Widening the net

As private equity houses in the UK start to comply with the Walker Review and publish their annual reports for the first time, there is a growing expectation that a wider group of investors will be brought into this realm of corporate disclosure.

Dubai International Capital is being tipped to be one of the first Middle East-based investment groups to join the British Venture Capital Association (BVCA) and therefore part of the transparency and disclosure code in UK private equity.

Among Dubai International Capital Private Equity’s portfolio – predominantly in Germany and the UK – are its £675m secondary buyout of Travelodge and its £800m acquisition of leisure company Tussauds Group – later merged with Blackstone’s Merlin Entertainments Group in 2007 – in which the investor holds a 20% stake in the Tussauds-Merlin Group.

Keen to encourage other investors to sign up to the BVCA-led code of disclosure of UK portfolio company holdings, senior representatives from the BVCA, including chairman of the disclosure monitoring group Sir Michael Rake and chief executive Simon Walker, are due to visit the Middle East to seek support from investors.

The Dubai office of law firm Linklaters will be hosting an event for the BVCA to meet investors in the region, including sovereign wealth funds. The delegation was expected to meet investors in the Middle East in the final week of May but this event was cancelled because a number of attendees had previously committed to go to Moscow for the European football Champions League Final.

The rescheduled event is also expected to establish dialogue with the Qatar Investment Authority, which came close to buying supermarket chain J Sainsbury and owns £3bn of healthcare assets in the UK.

“We’re very happy to foster voluntary compliance of the code for long-term investors of any kind,” Simon Walker told EVCJ. Referring to both sovereign wealth funds and pension funds, Walker added: “I think it will help them to be part of a voluntary arrangement.”

The UK’s Treasury Select Committee has yet to timetable any evidence sessions about the role of sovereign wealth funds or other private investor funds, according to a spokesman at Parliament in London. To date, there have not been any formal requests to investigate their role in UK corporate ownership.

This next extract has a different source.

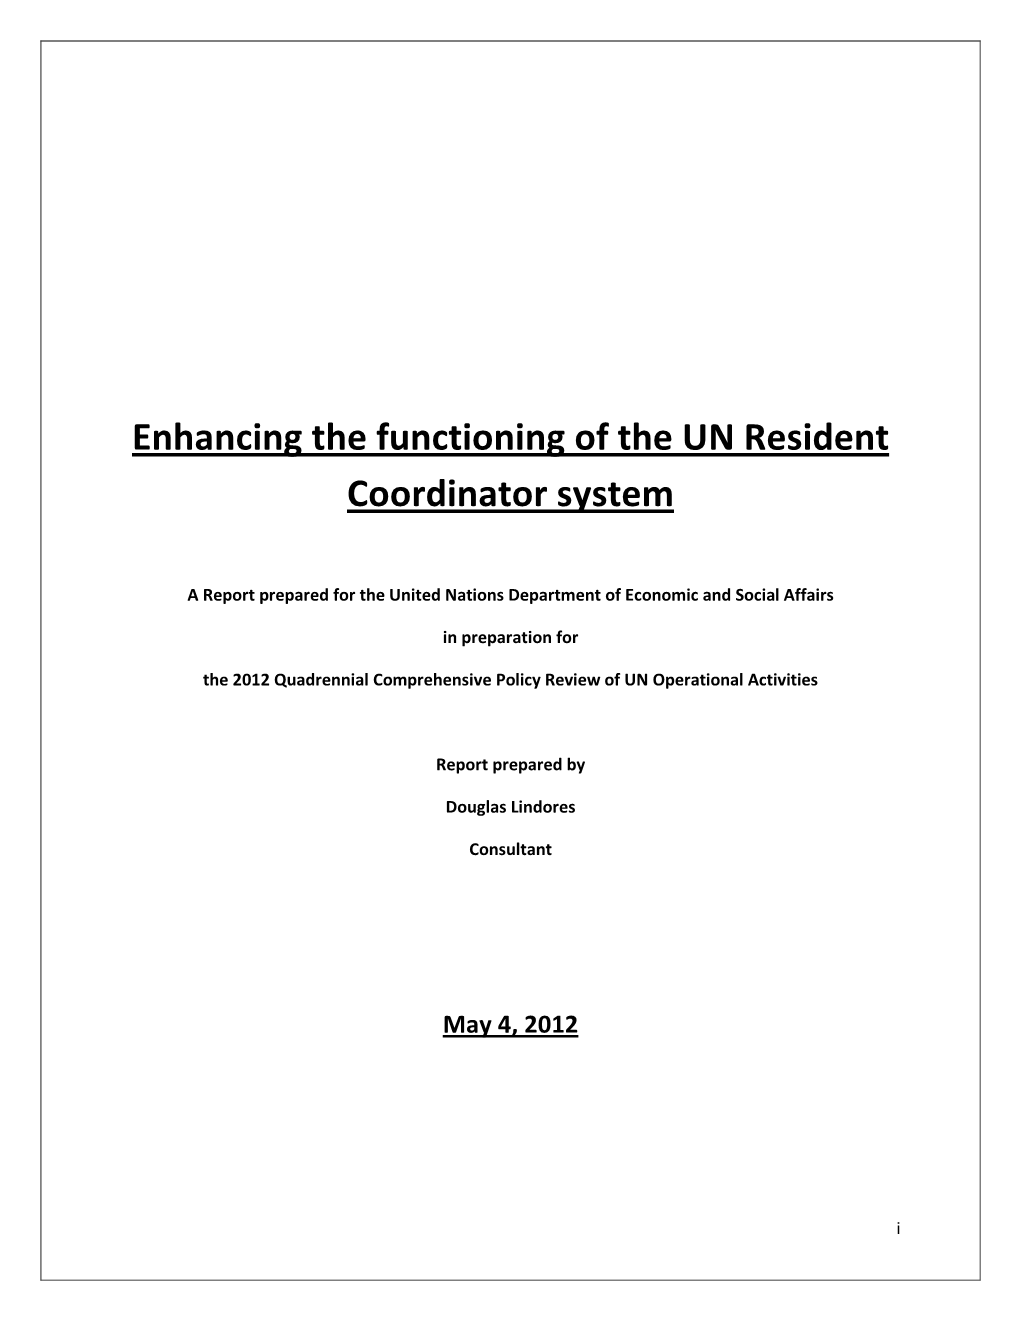 Enhancing the Functioning of the UN Resident Coordinator System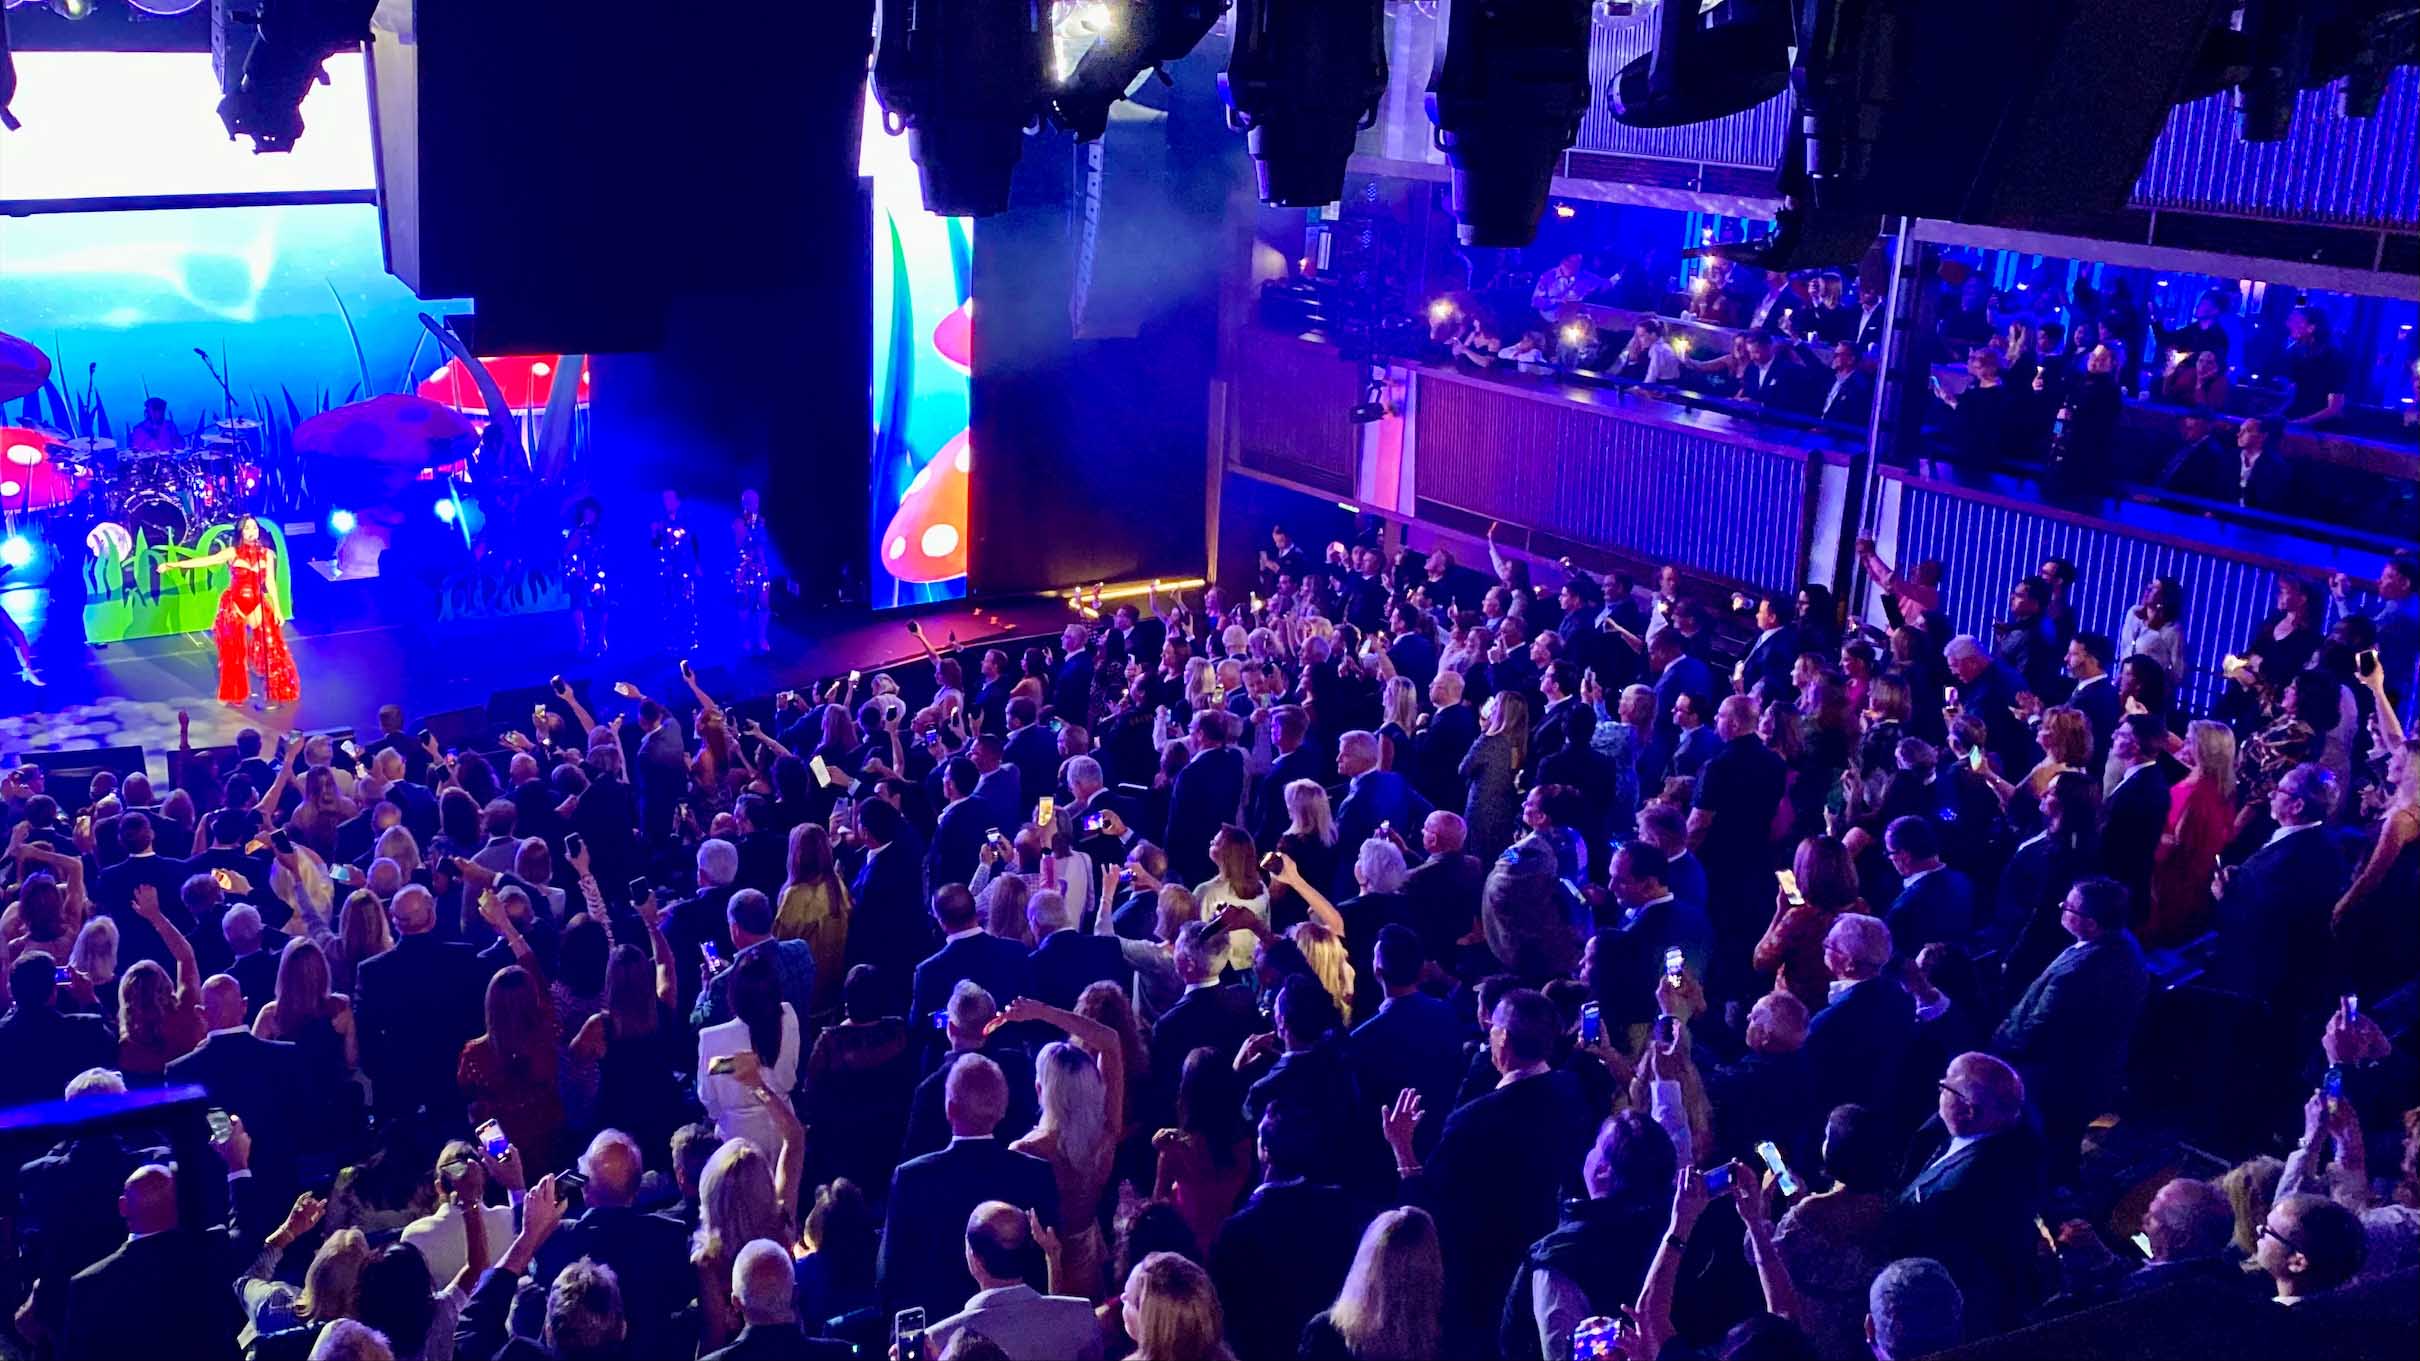 Guests onboard the Norwegian Prima took to their feet during a concert by the Prima's godmother, recording artist Katy Perry.

Alternative Investment Management Association (AIMA) deputy CEO Andrew Baker told EVCJ that the hedge fund community welcomes any call from the Treasury Select Committee to discuss the asset class’ role in the UK economy. In relation to the scrutiny on private equity, he said: “Our personal view is that private equity had a bit of catching up to do.”

“Sometimes more disclosure is very helpful. Equally, you can get drowned in a sea of data,” he added.

In the context of the Treasury Select Committee’s ongoing investigation into financial stability, which includes an ongoing investigation of the UK’s banking weaknesses, there is a clear indication that sovereign wealth funds will garner greater parliamentary scrutiny.

Speaking at the SJ Berwin-sponsored Walker Review Debate in London in early May, Philip Dunne MP said: “We are going to be looking to understand the way debt and large capital flows impact on the economy and on our banks and I think there is a role for the sovereign wealth funds to come to talk to us about how they see their roles in developing capital flows work.”

“I think anybody who takes over a UK public company, which meets the portfolio threshold, should be in a position to comply with the same disclosure obligations that anybody else, if they happen to be based in this country, has to comply with,” he said.

“That may require in due course some means of enforcement. I’m not envisaging the FSA having to send a hit squad into some of the more impenetrable central banks to extract that information but I think we have to work with these organisations. It’ll be in their interest to seek to play the game,” Dunne said.

While the private equity industry is publicly confident that the new wave of disclosure will keep the labour unions, other stakeholders and Government from launching any fresh calls for transparency, there is the view that other investors such as the Virgin Group, retail entrepreneur Philip Green and other private investors should sign up to a voluntary code.

“I think the BVCA guidelines are fair and to the extent that companies are controlled by sovereign wealth funds they should be adopt the same level of disclosure,” said one mid-market GP.

He added the Treasury Select Committee should consider that the “greater benefit would be to look at the red tape that faces British industry”.

But when it comes to the concept of disclosure, there is a strong view in private equity circles that financial data should only be disclosed to shareholders, while stakeholders should only be informed of what really matters to them.

Conversely, there are calls for more disclosure about who is actually running privately owned companies and what exactly motivates the management of those companies.

Even for the regulators and government officials, the challenge is to present information in a way that is clearly understandable. “It has to be broken down into baby talk for them,” said Jon Moulton of Alchemy Partners.

“I’m glad I’m not a mega fund. The Walker Report will generate a lot of paper [from private houses] which will be very little read,” said Moulton.

He added that any renewed vigour in terms of scrutiny of private shareholders, whether someone like Richard Branson or a private equity house, will be determined by “ a big failure or by grotesque behaviour”.